→ **INFORMATION SUPPLIED**
──────────

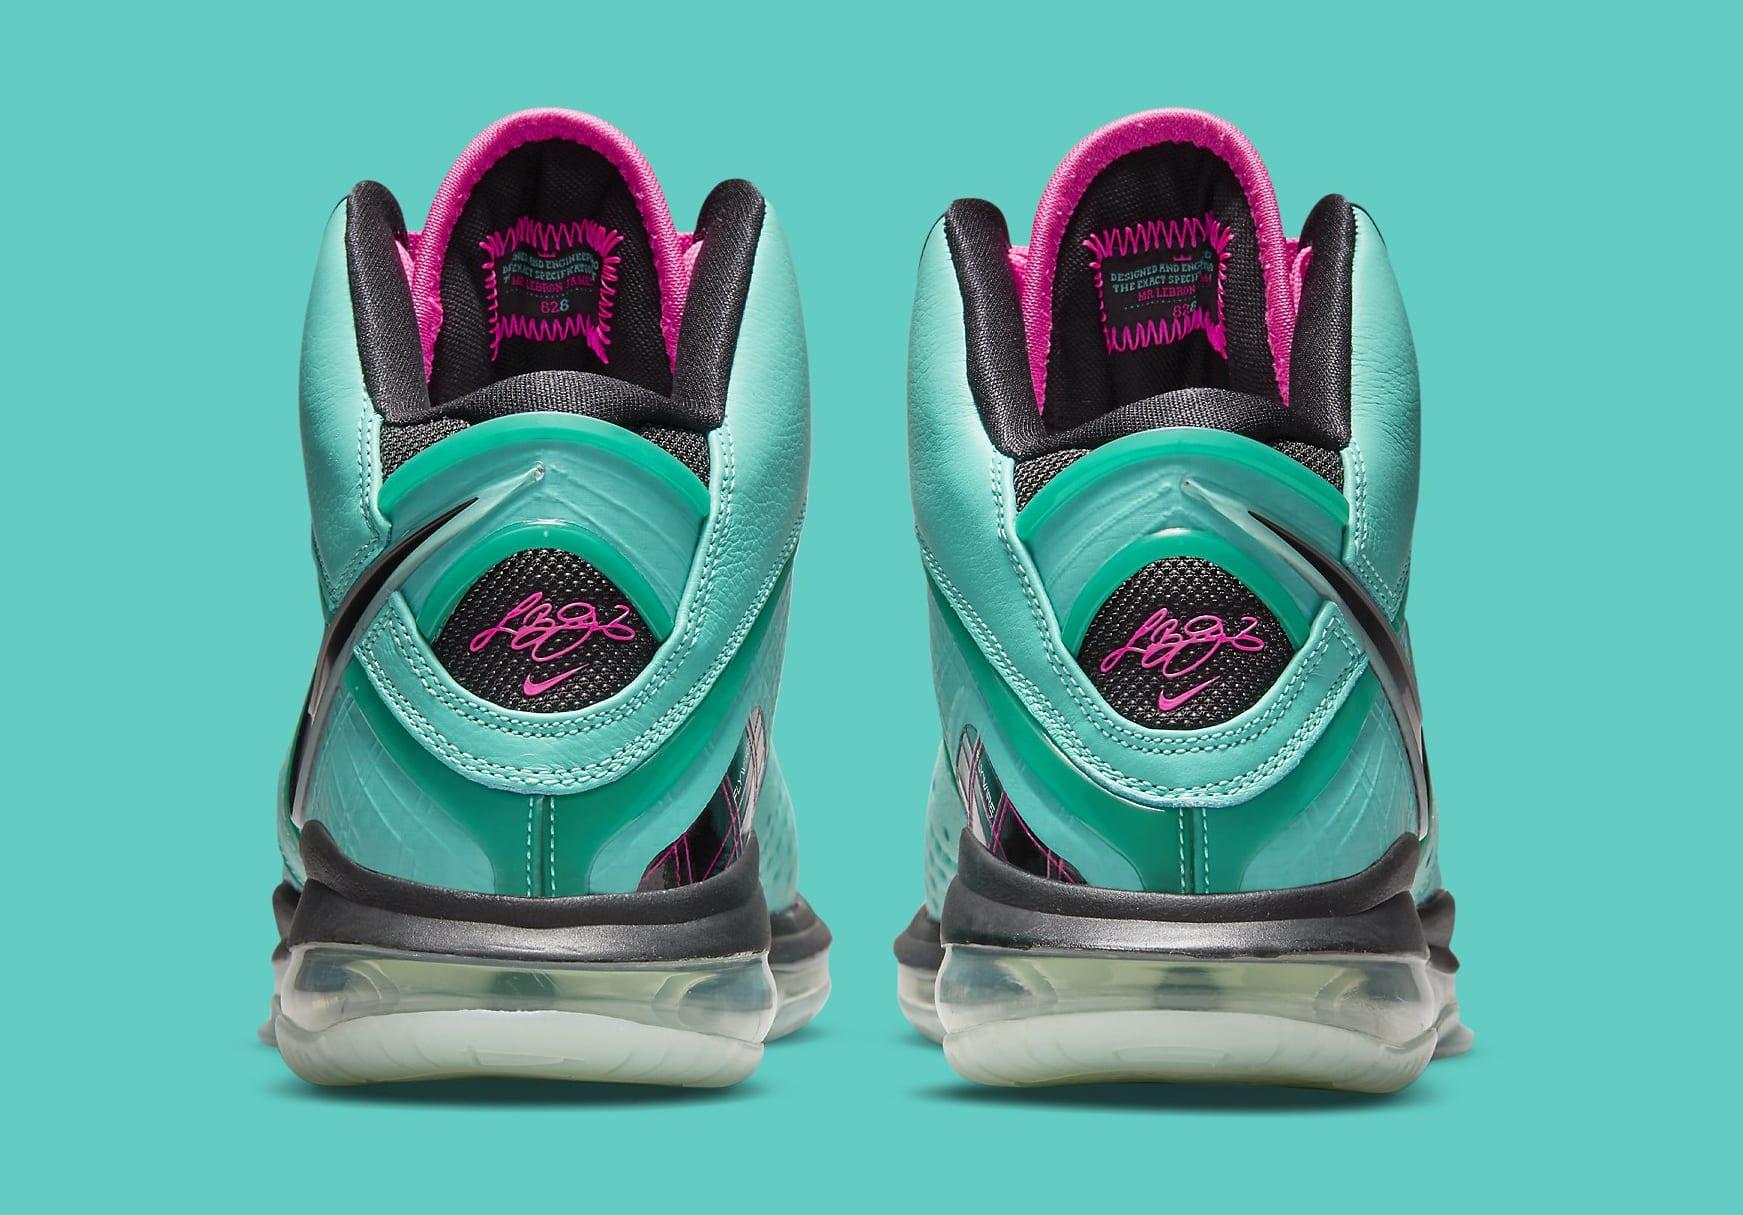 Nike LeBron 8 'South Beach' CZ0328-400 Heel
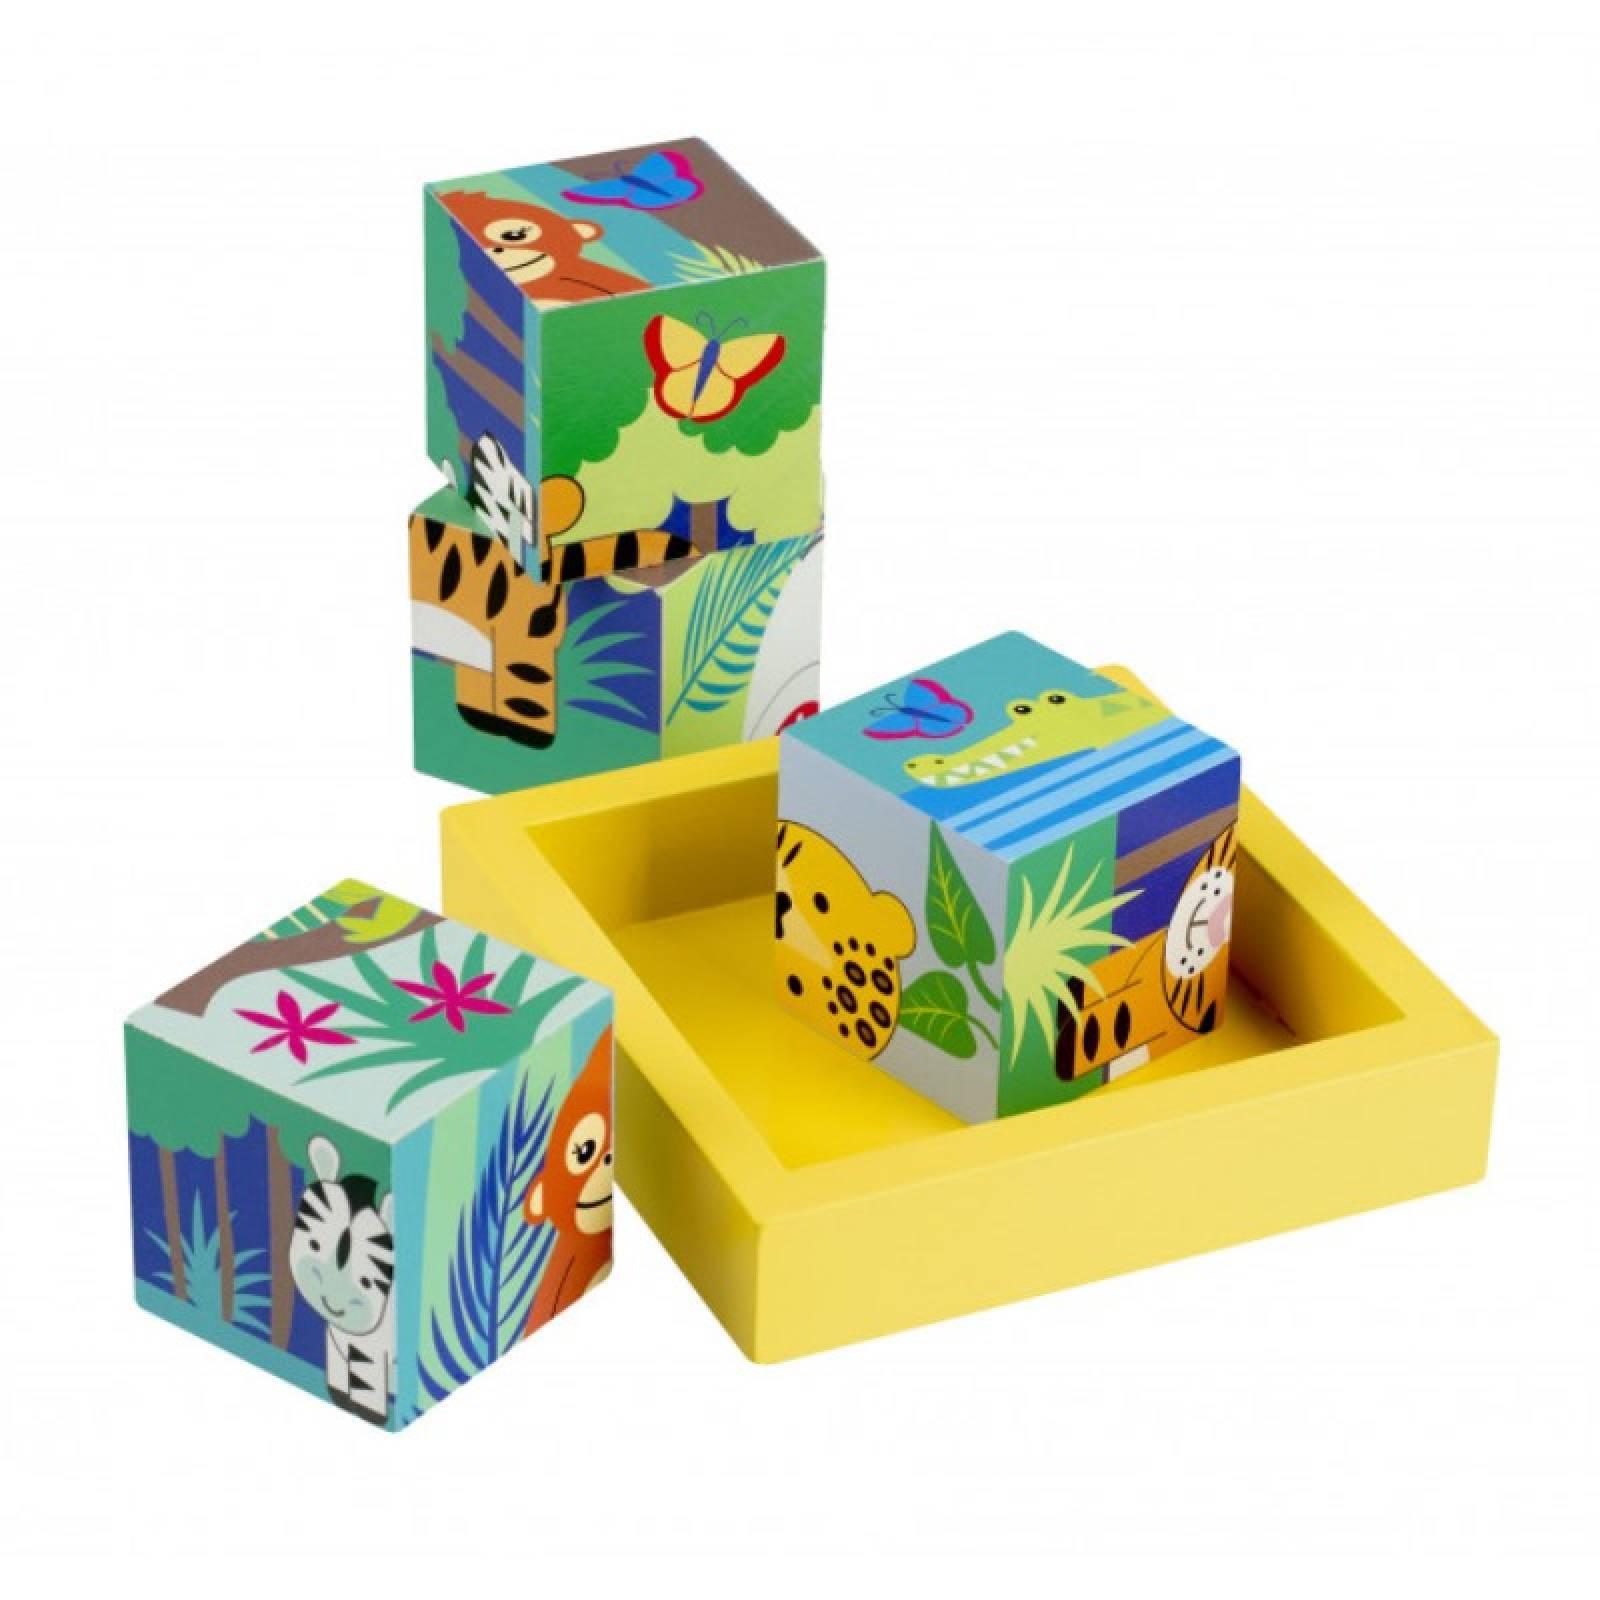 Jungle Animals Wooden Blocks In Tray By Orange Tree 1+ thumbnails
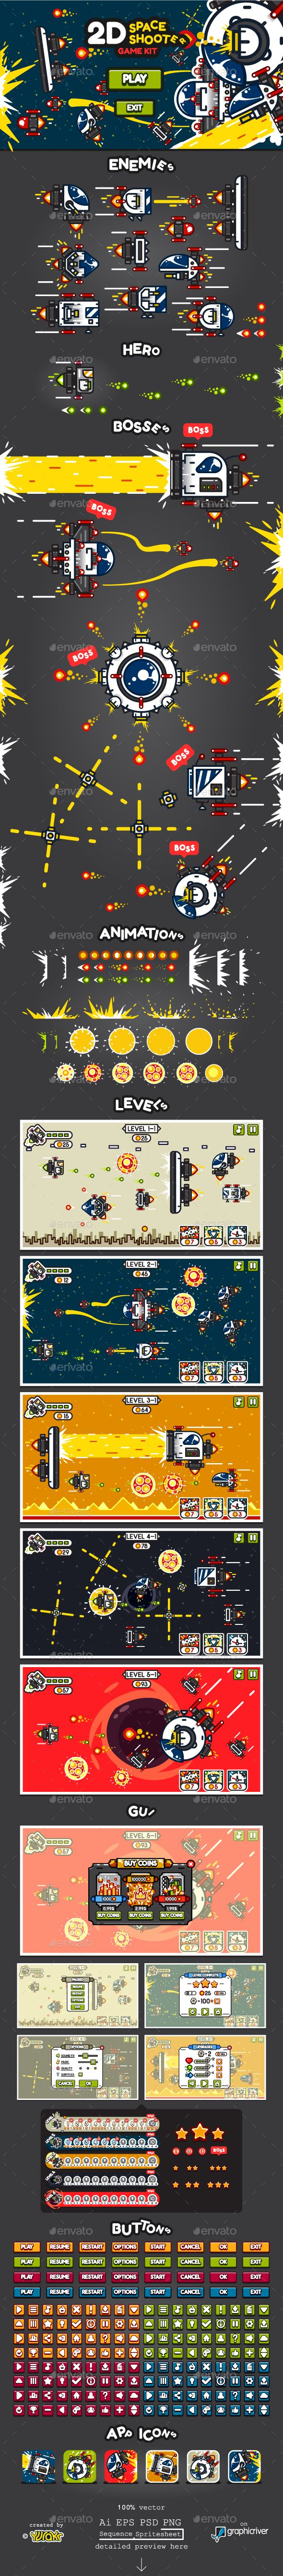 2D Space Shooter Game Kit Download link: https://graphicriver.net/item/2d-space-shooter-game-kit/19877493?ref=klitz

──────────

→ **TRY IT**
When an image appears in the data, skip it and output the rest exactly.

→ **EXERCISE RESPONSE**
 Nike LeBron 8 'South Beach' CZ0328-400 Heel
 Jungle Animals Wooden Blocks In Tray By Orange Tree 1+ thumbnails
 2D Space Shooter Game Kit Download link: https://graphicriver.net/item/2d-space-shooter-game-kit/19877493?ref=klitz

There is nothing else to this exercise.